As an example, consider an integer solution of $ x ^ 2-3y ^ 2 = 13 $. $ y $ that satisfies this equation is
$y_k = \frac {(4+ \sqrt {3}) (2+ \sqrt {3}) ^ k-(4- \sqrt {3}) (2- \sqrt {3}) ^ k} { 2 \sqrt {3}} $
for any integer $ k $.
By calculation
$ 3 | y_k \Leftrightarrow k \equiv1 \mod 3 $
$ 3 ^ 2 | y_k \Leftrightarrow k \equiv7 \mod 3 ^ 2 $
$ 3 ^ 3 | y_k \Leftrightarrow k \equiv7 \mod 3 ^ 3 $
$ 3 ^ 4 | y_k \Leftrightarrow k \equiv7 \mod 3 ^ 4 $
$ 3 ^ 5 | y_k \Leftrightarrow k \equiv7+2\cdot 3^4 \mod 3 ^ 5 $
$ 3 ^ 6 | y_k \Leftrightarrow k \equiv7+2\cdot 3^4+2\cdot 3^5 \mod 3 ^ 6 $
You can see that it has a regular structure. In other words, a solution divisible by $3^d$ appear at intervals of $3$ powers and do not appear anywhere else. I tried similar calculations for other Pell-type equations, and I was convinced that they had a similar structure.
Can you prove this structure in general?
We consider the Pell-type equation $ x ^ 2-py ^ 2 = N $ with a solution. For any $ d $
$ p ^ d | y_k \Leftrightarrow k \equiv r \mod p^{d+e}. $
$ r $ should be uniquely determined as $ p $-adic number.
As $d$ gets larger and $p^d|y_k$, this can be thought of as taking the limit as $y \to 0$ in the p-adics, since $\lim_{d \to \infty}|p^d|_p=0$. So in your equation we're looking at solving just $x^2=N$.

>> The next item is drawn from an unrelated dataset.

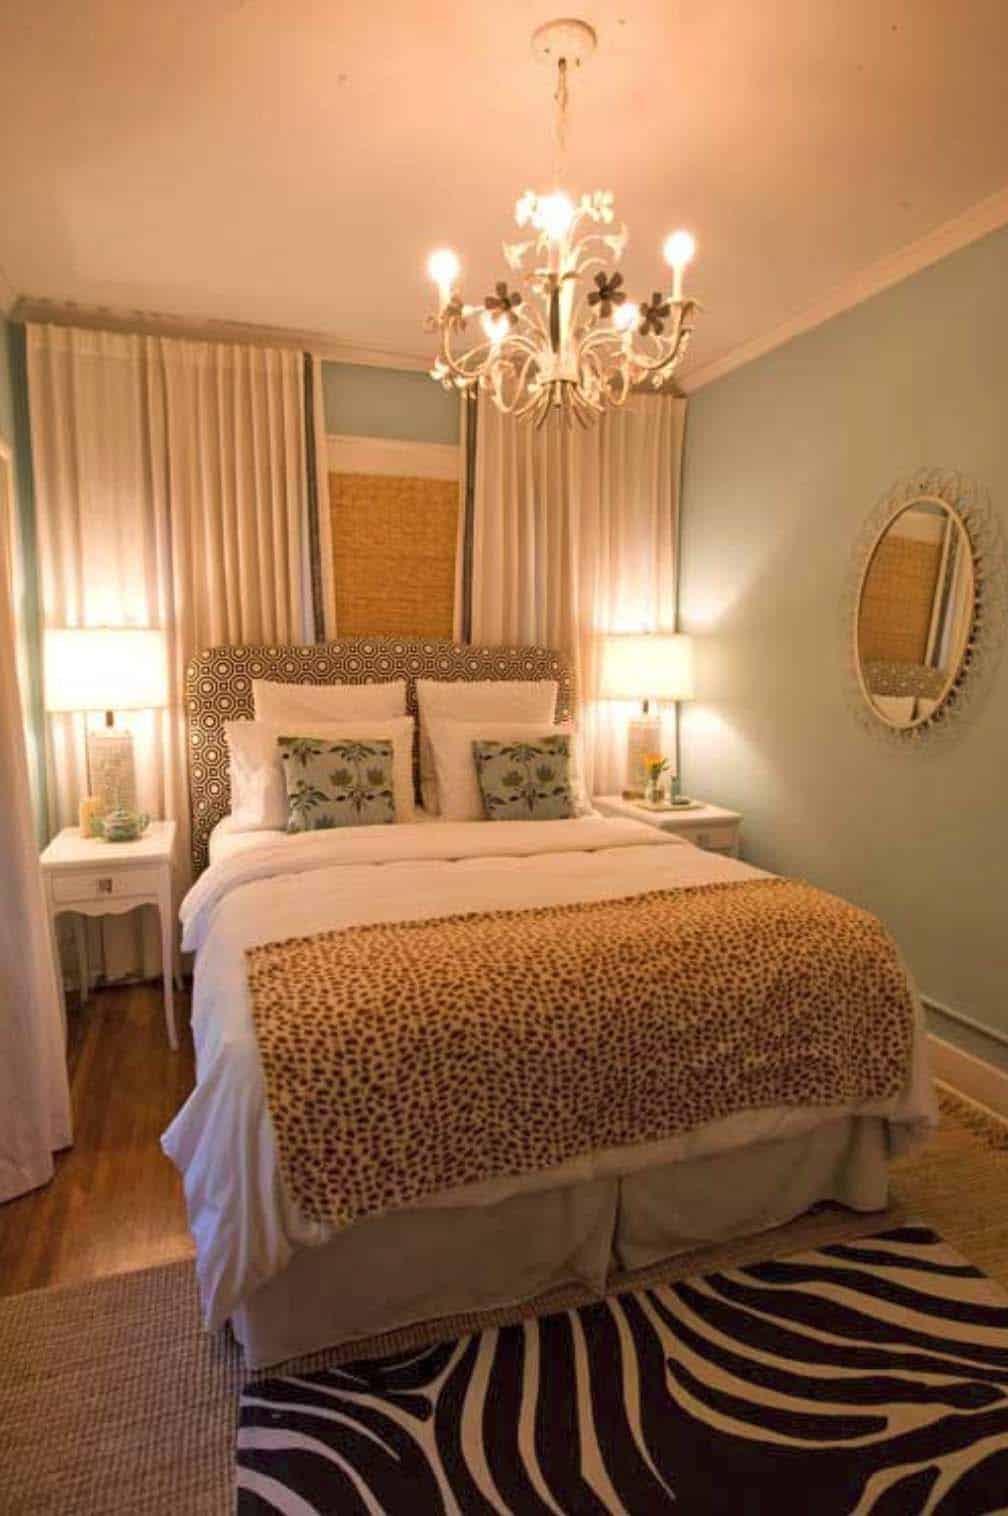 30+ Small yet amazingly cozy master bedroom retreats on Small Room Decoration  id=63065

Since in your specific problem you're interested in $k$, we can set $y_k=0$ and solve for $k$,
$$0 = \frac {(4+ \sqrt {3}) (2+ \sqrt {3}) ^ k-(4- \sqrt {3}) (2- \sqrt {3}) ^ k} { 2 \sqrt {3}} $$
$$k=\frac{\log \frac{4- \sqrt {3}}{4+ \sqrt {3}}}{\log \frac{2+ \sqrt {3}}{2- \sqrt {3}}}$$
This gets us exactly the digits you have so far (rewriting $7=1+2\cdot 3$ of course)
$$k = 1 + 2\cdot 3 + 2\cdot 3^4 + 2\cdot 3^5 + 2\cdot 3^6 + 3^7 + 3^8 + \dots$$
For your convenience, here is the sage code I used to compute it almost exactly copied from here:
The general case follows identically, and I leave it to you.